The long overdue Adoption and Children Act 2002, replacing the 1976 Act, is likely to be fully implemented in 2004. Reforms after the introduction of legal adoption in 1926 and prior to 1975 were largely concerned with regulating the process of adoption to eliminate perceived abuses,1 and with equating the adopted child's legal status within the adoptive family more closely with that of birth children for the purposes of inheritance.2 At the beginning of the 21st century the context is very different. Since 1976, the nature of adoption has altered to such an extent that a much more radical reform of its regulation is required than has been the case in the past. This chapter will consider, within the context of societal and practice changes, the themes that dominate the reforms and attempt critical evaluation of the extent to which the Act responds to the changed nature of adoptive relationships.3
Adoption: the first 50 years
There were two main policy imperatives behind the introduction of legal adoption in 1927: the need for recognition of the many de facto adoptions in existence, and the encouragement of the provision of family life for large numbers of illegitimate children and orphans who would otherwise be likely to spend their childhood in institutions. De facto adoptions, in which children were brought up outside their birth families by agreement were commonplace but existed without any security for the arrangement. Without recourse to costly and risky litigation, the people who had raised the child were unable to resist demands by birth parents for return, often at a time when the child was old enough to contribute to family finances. The 1920s saw increased professional interest in children's welfare and recognition that allowing the early adoption of illegitimate babies would spare children both the bleak reality of life in an institution and the stigma of illegitimacy. This led to the setting up of many charitable agencies arranging placements of babies in parallel to the increase in the number of de facto adoptions of orphans and abandoned children by relatives and strangers which followed the First World War. Pressure grew for the legalisation of adoption, to remedy the weaknesses inherent in de facto arrangements and with the additional benefit that the creation of new, secure, nuclear families would relieve many infertile couples from the misery of childlessness.

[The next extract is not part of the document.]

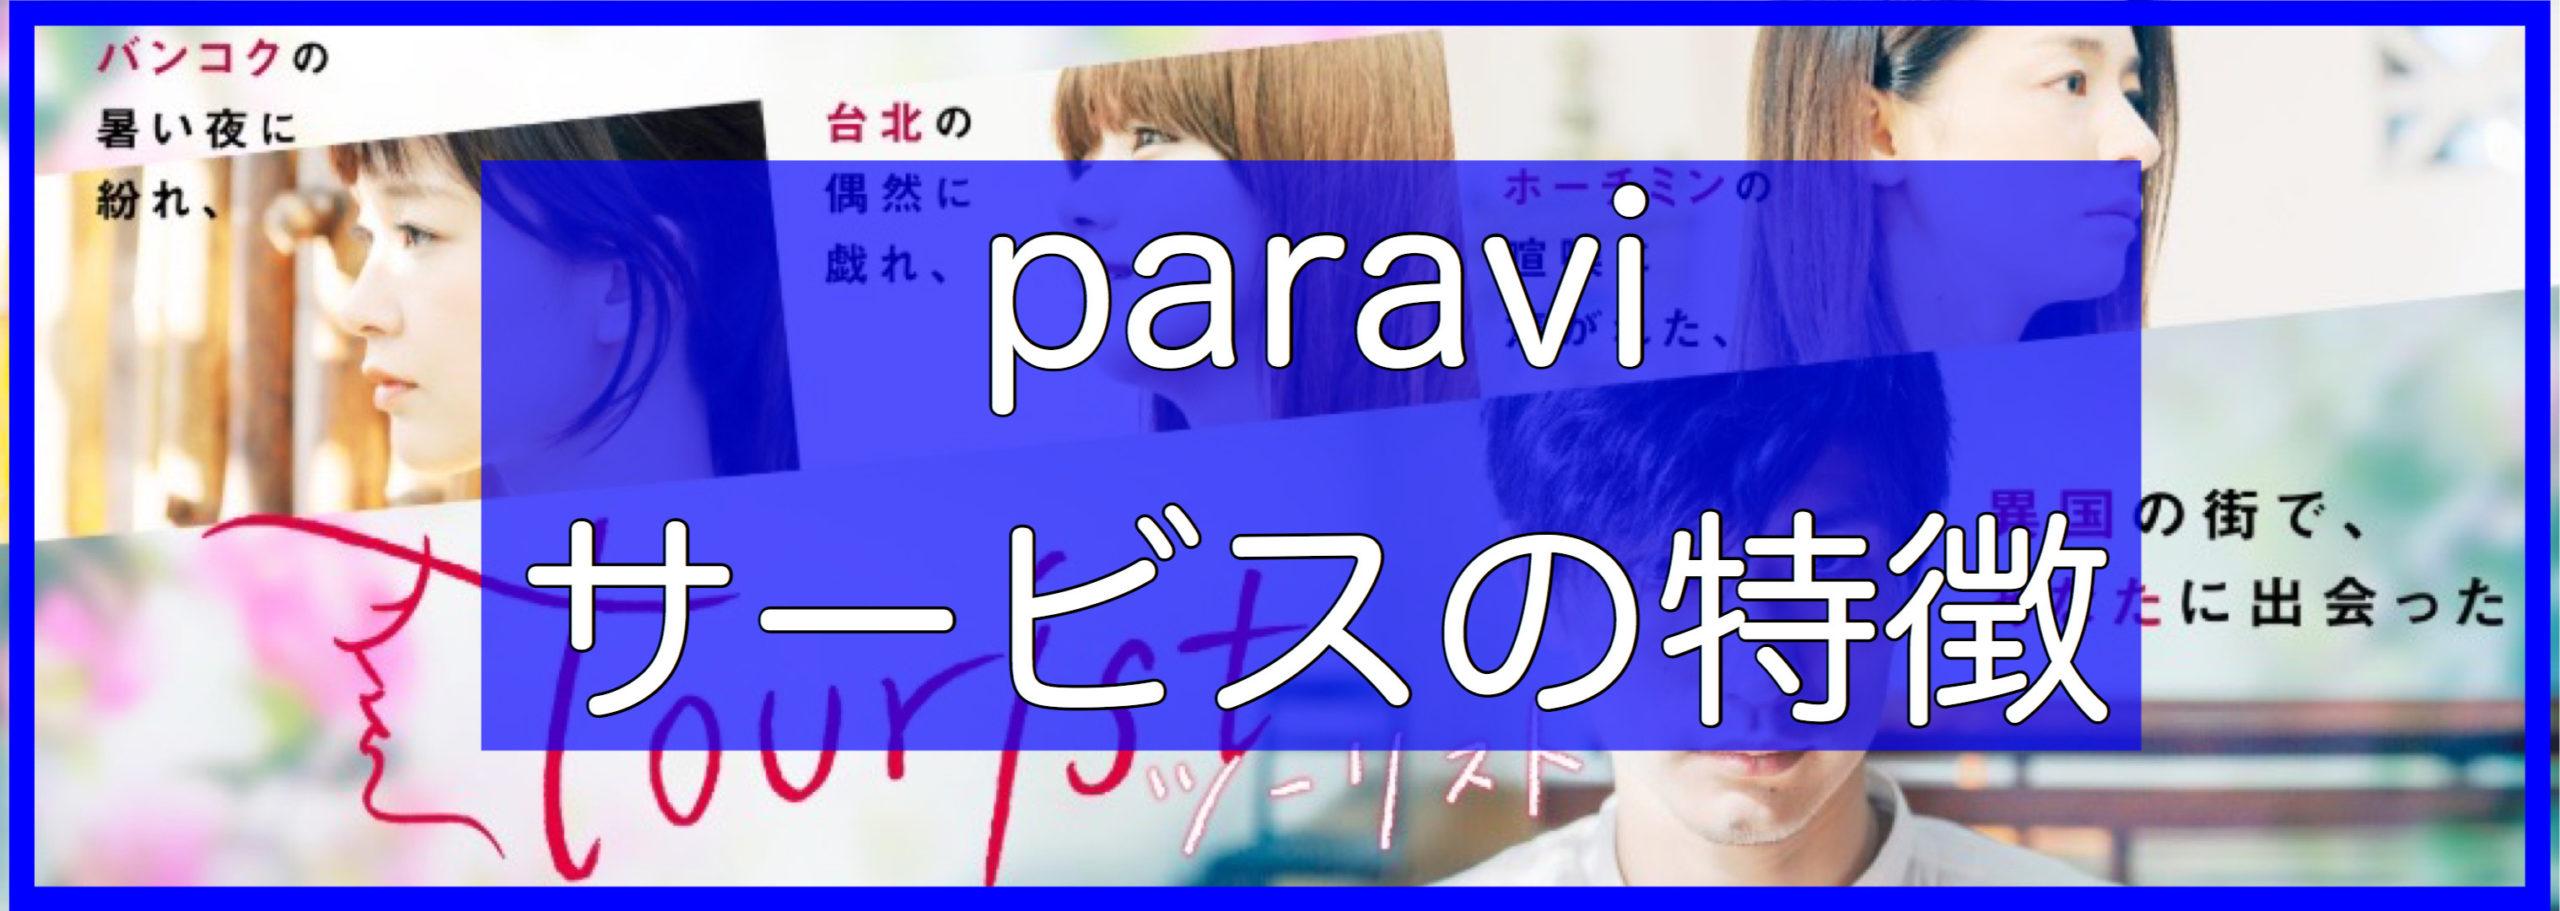 Paravi サービスの特徴

Despite the strength of the case made by protagonists and the fact that legal adoption, long embedded in legal systems based on Roman Law, had by that time been introduced in many other common law jurisdictions, opposition to legal adoption was deeply entrenched in a property oriented psyche. This is well illustrated by the early 1920s response of Edward Manson, a barrister, to a query from an academic in New York researching the law of adoption.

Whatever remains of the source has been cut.